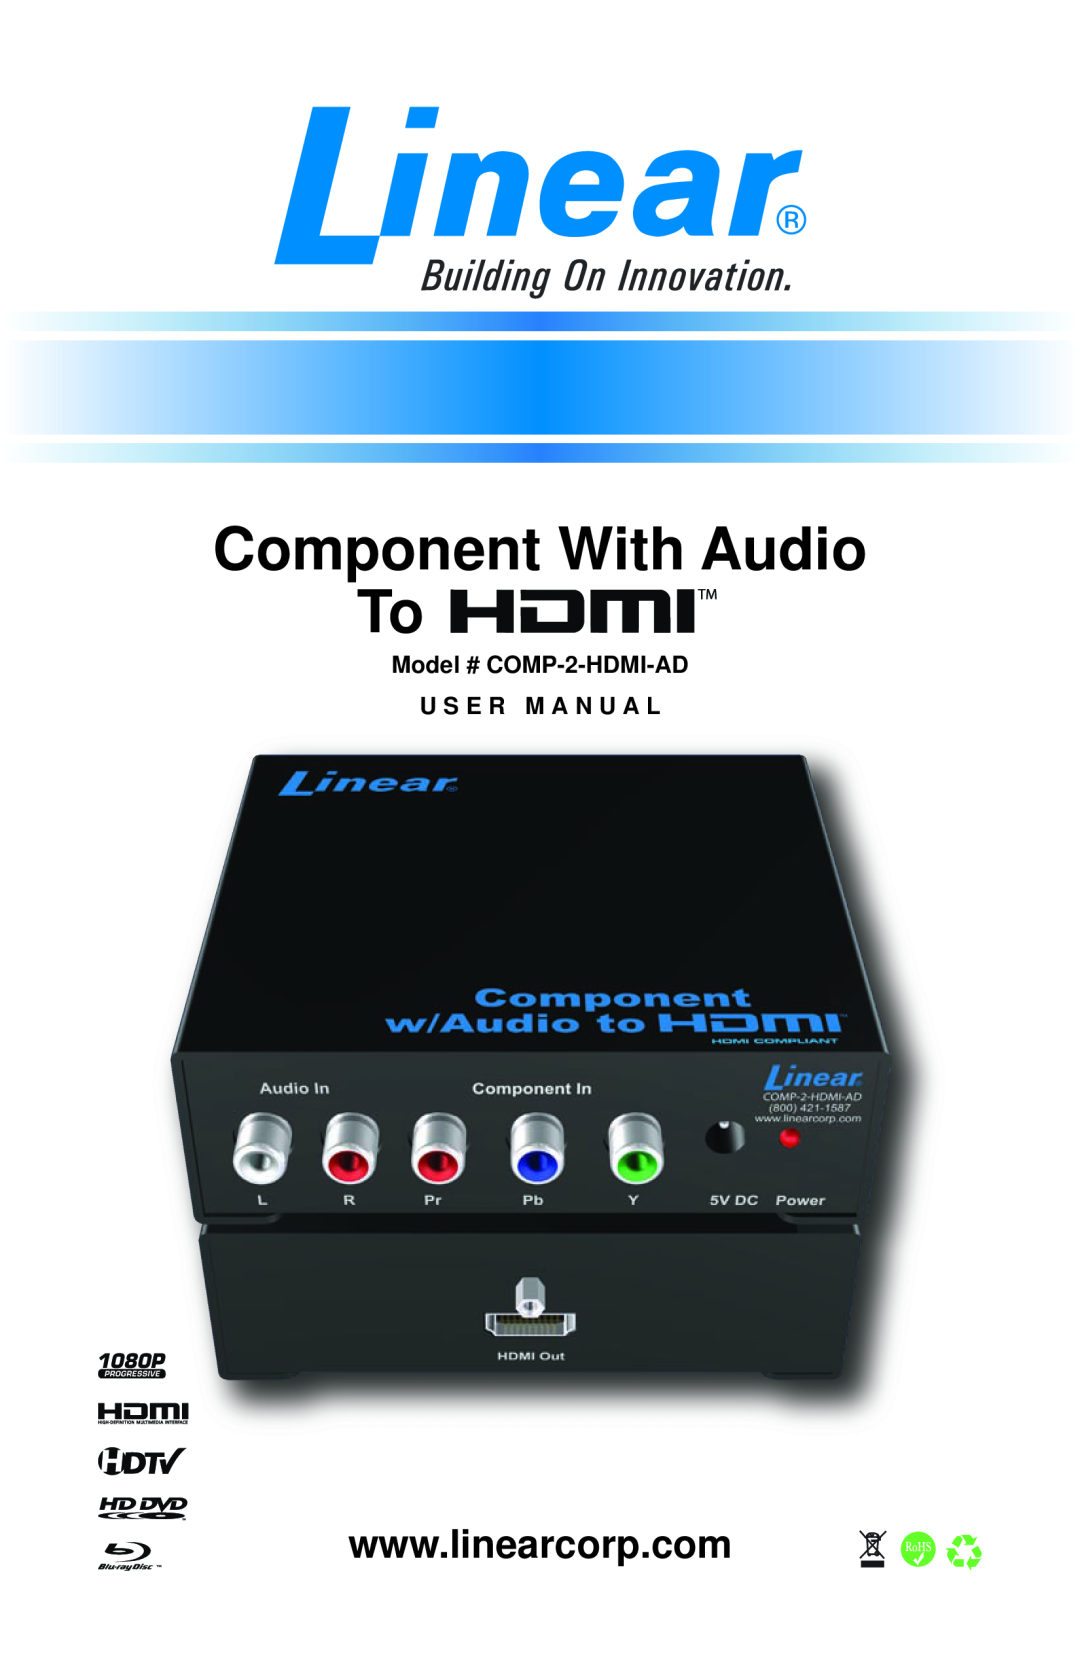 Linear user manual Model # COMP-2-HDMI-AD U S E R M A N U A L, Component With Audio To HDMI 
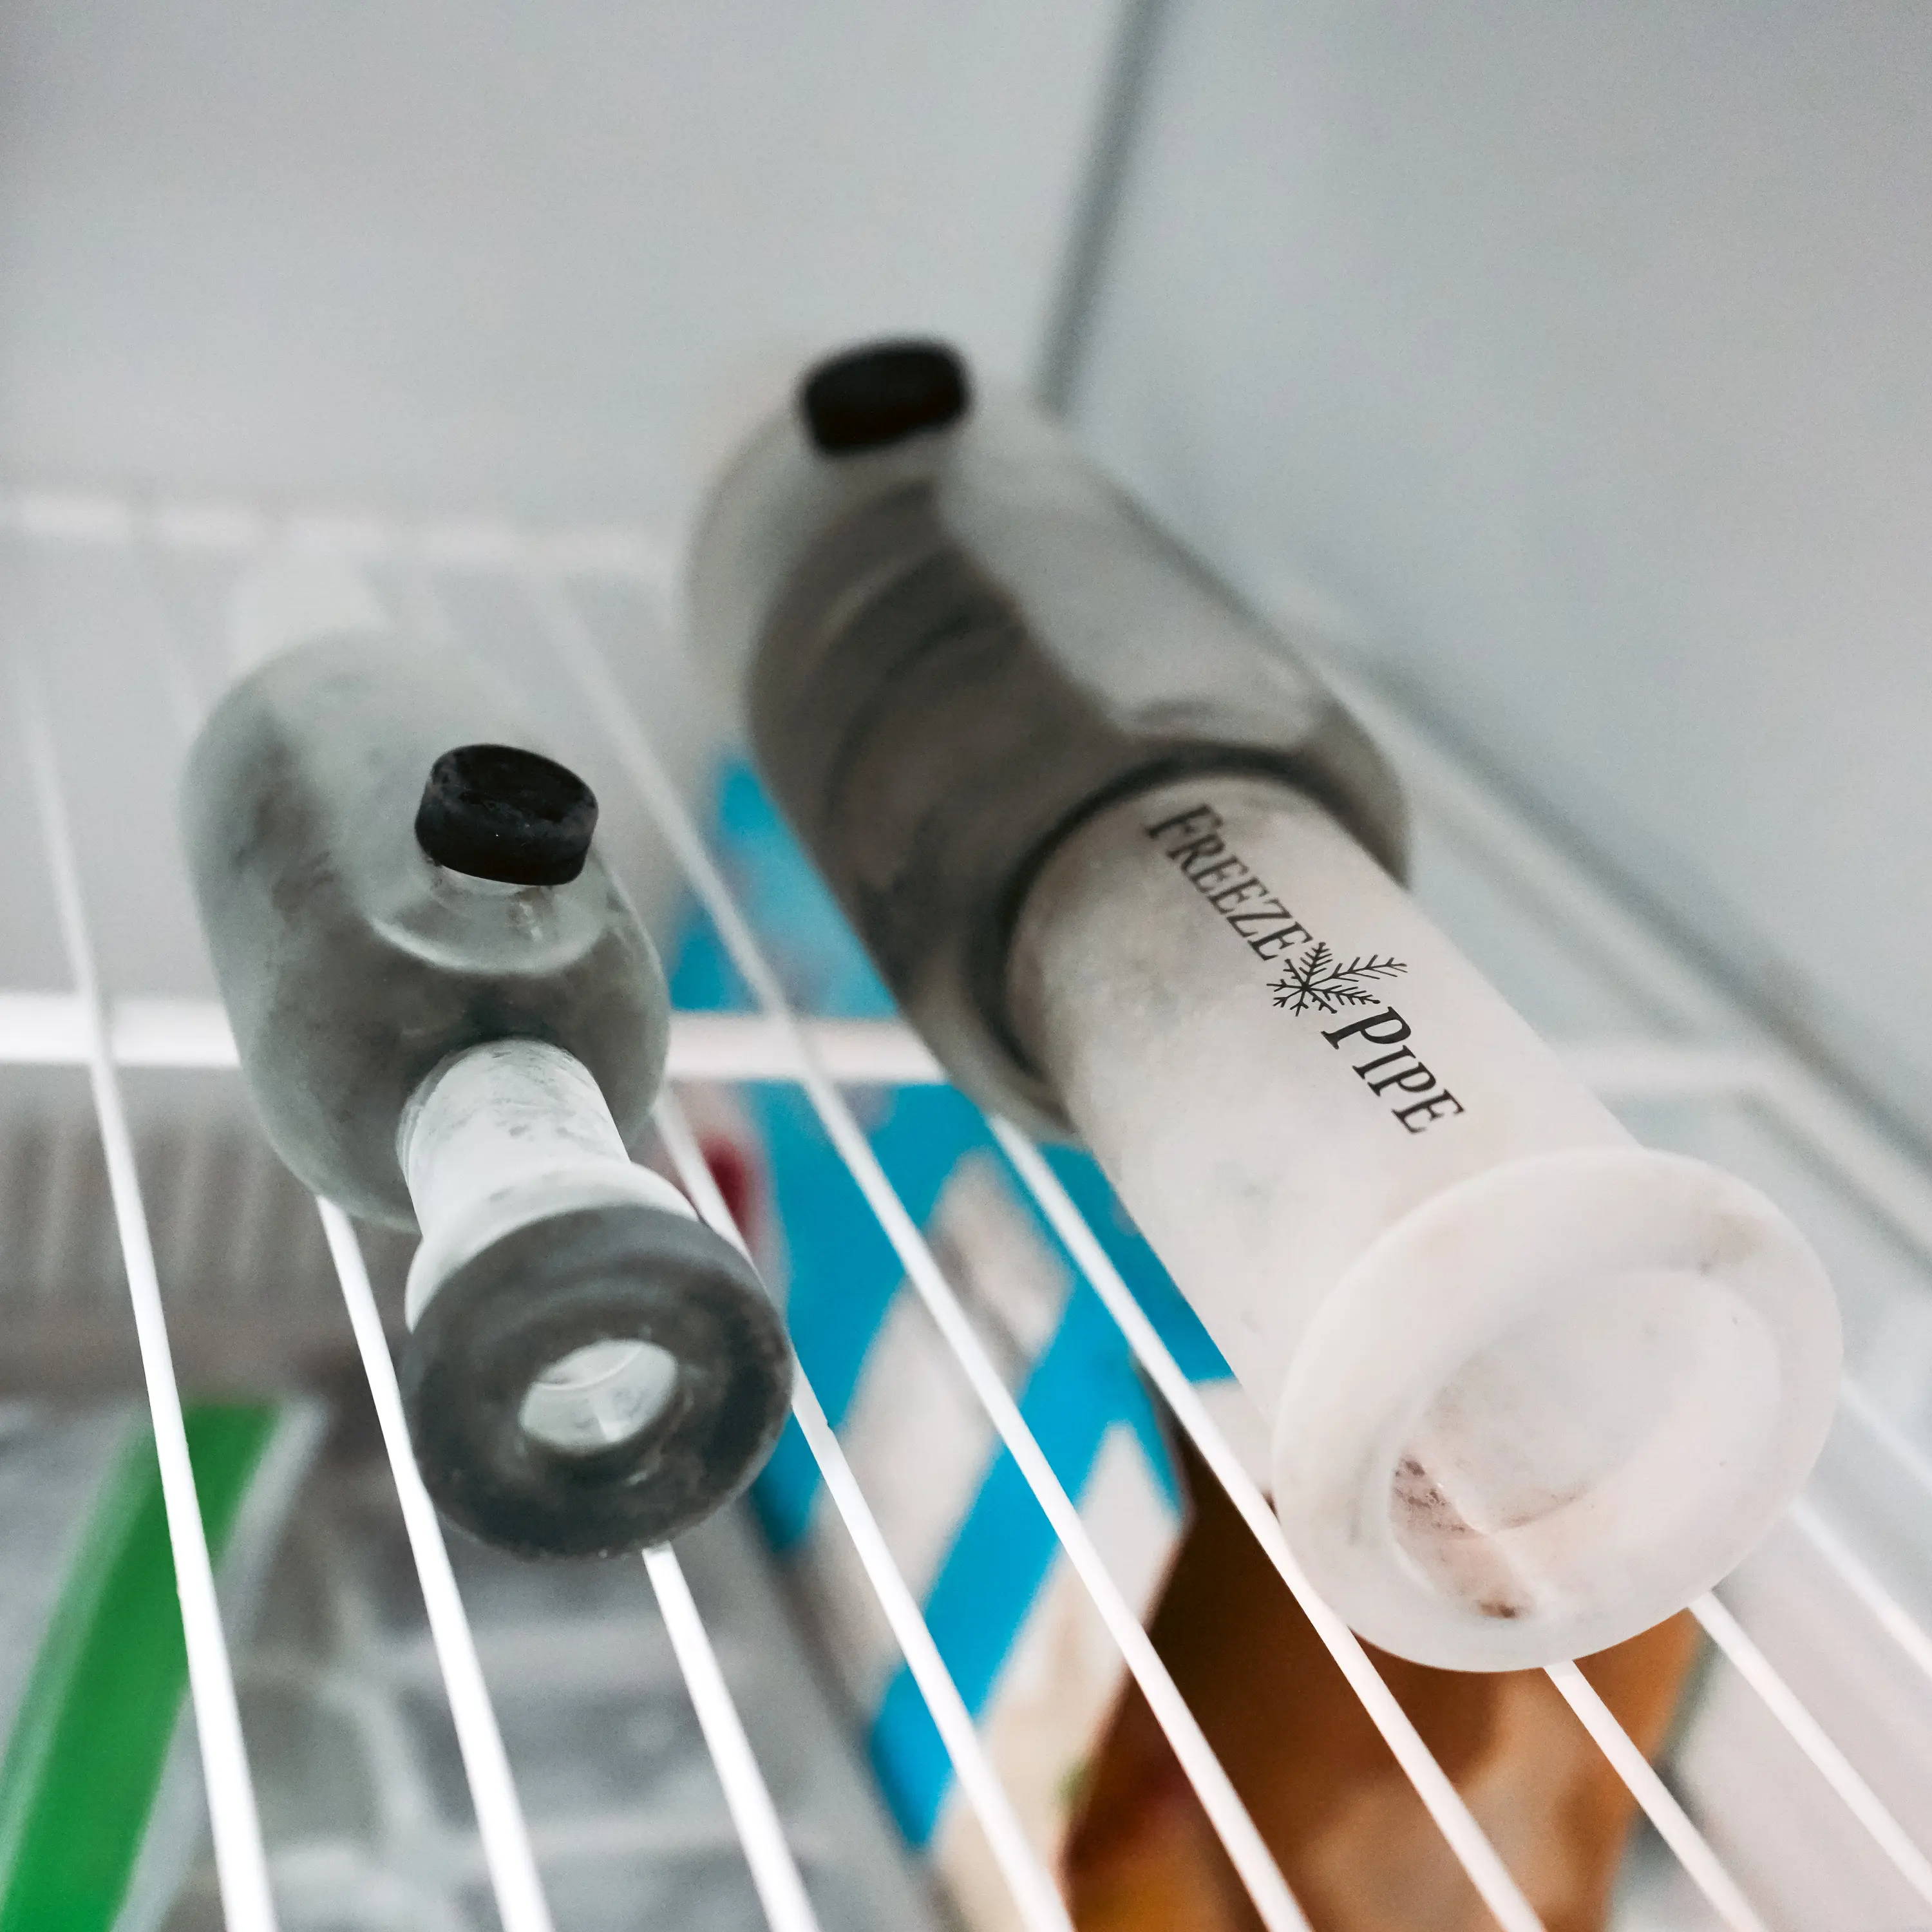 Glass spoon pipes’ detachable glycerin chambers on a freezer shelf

--

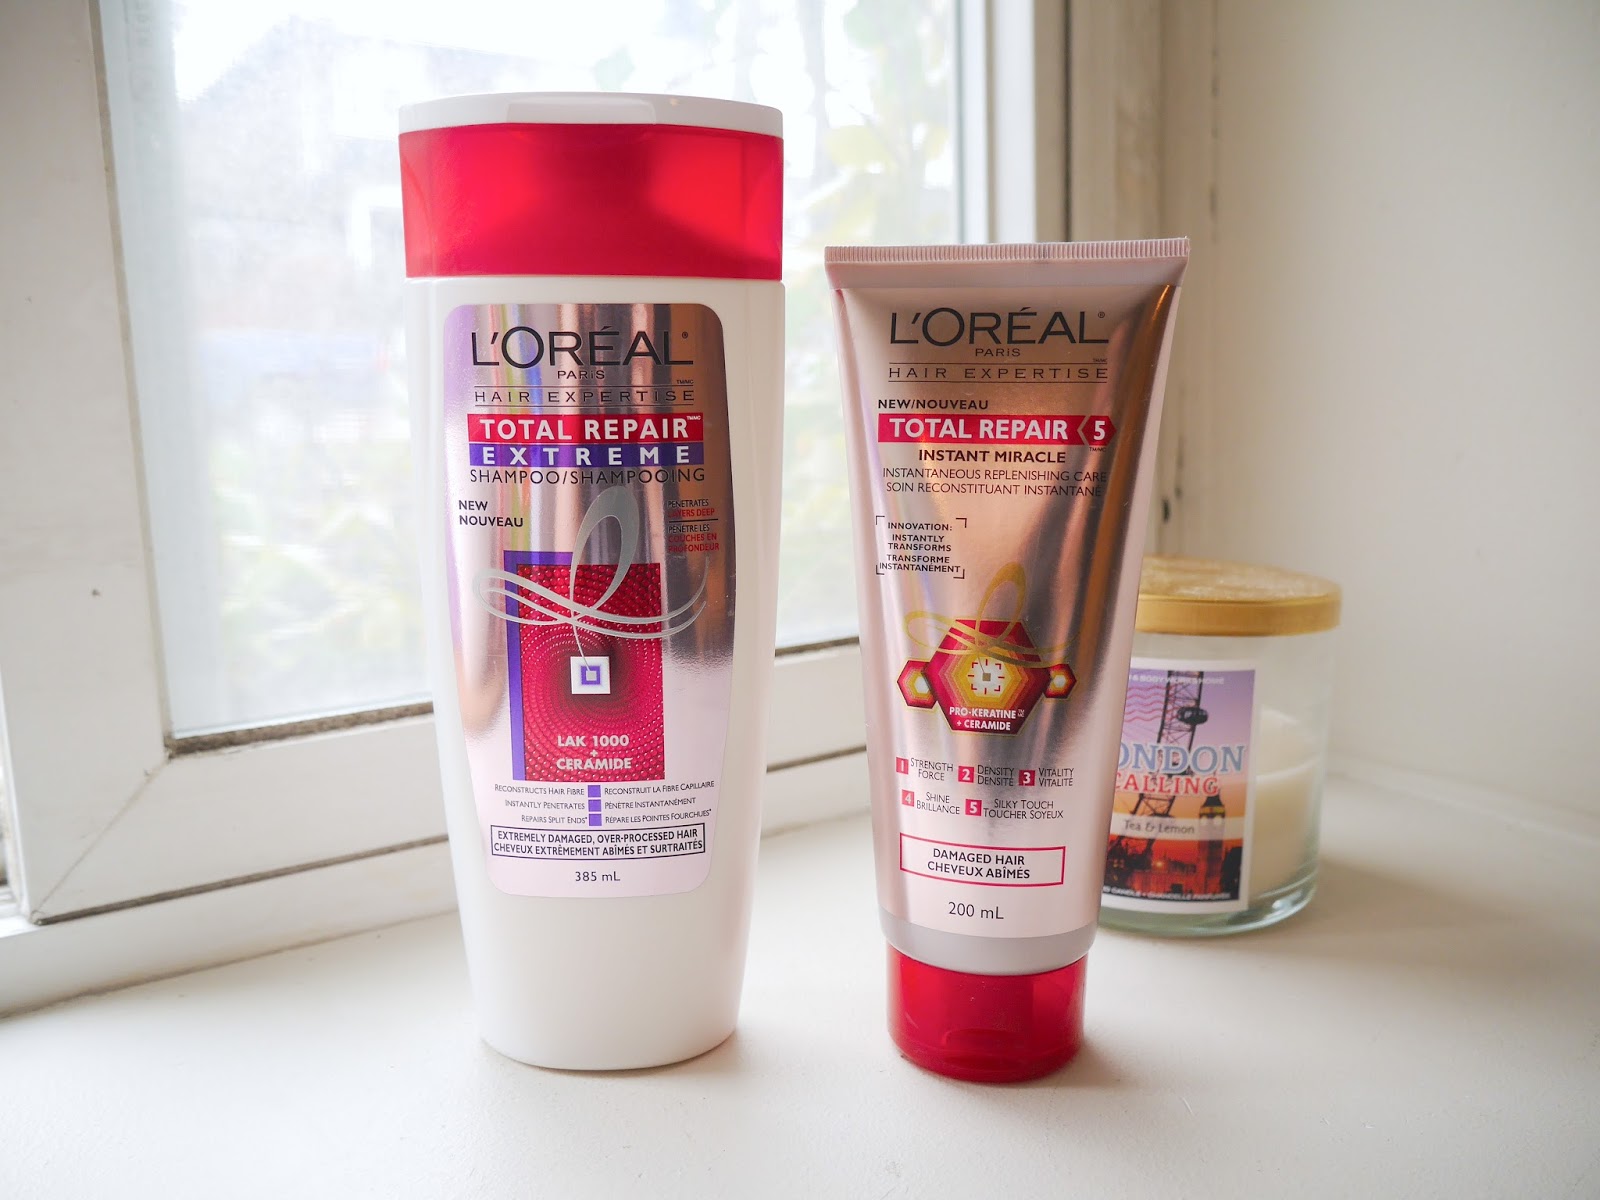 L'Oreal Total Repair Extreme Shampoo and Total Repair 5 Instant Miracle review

» What the exercise asks:
Working from the entries above, reproduce exactly and only the lines beginning with the line that has "Linear user manual" and ending with the line that has "Glass spoon pipes’"; omit all pictures.

» Answer to this task:
 Linear user manual Model # COMP-2-HDMI-AD U S E R M A N U A L, Component With Audio To HDMI 
 Glass spoon pipes’ detachable glycerin chambers on a freezer shelf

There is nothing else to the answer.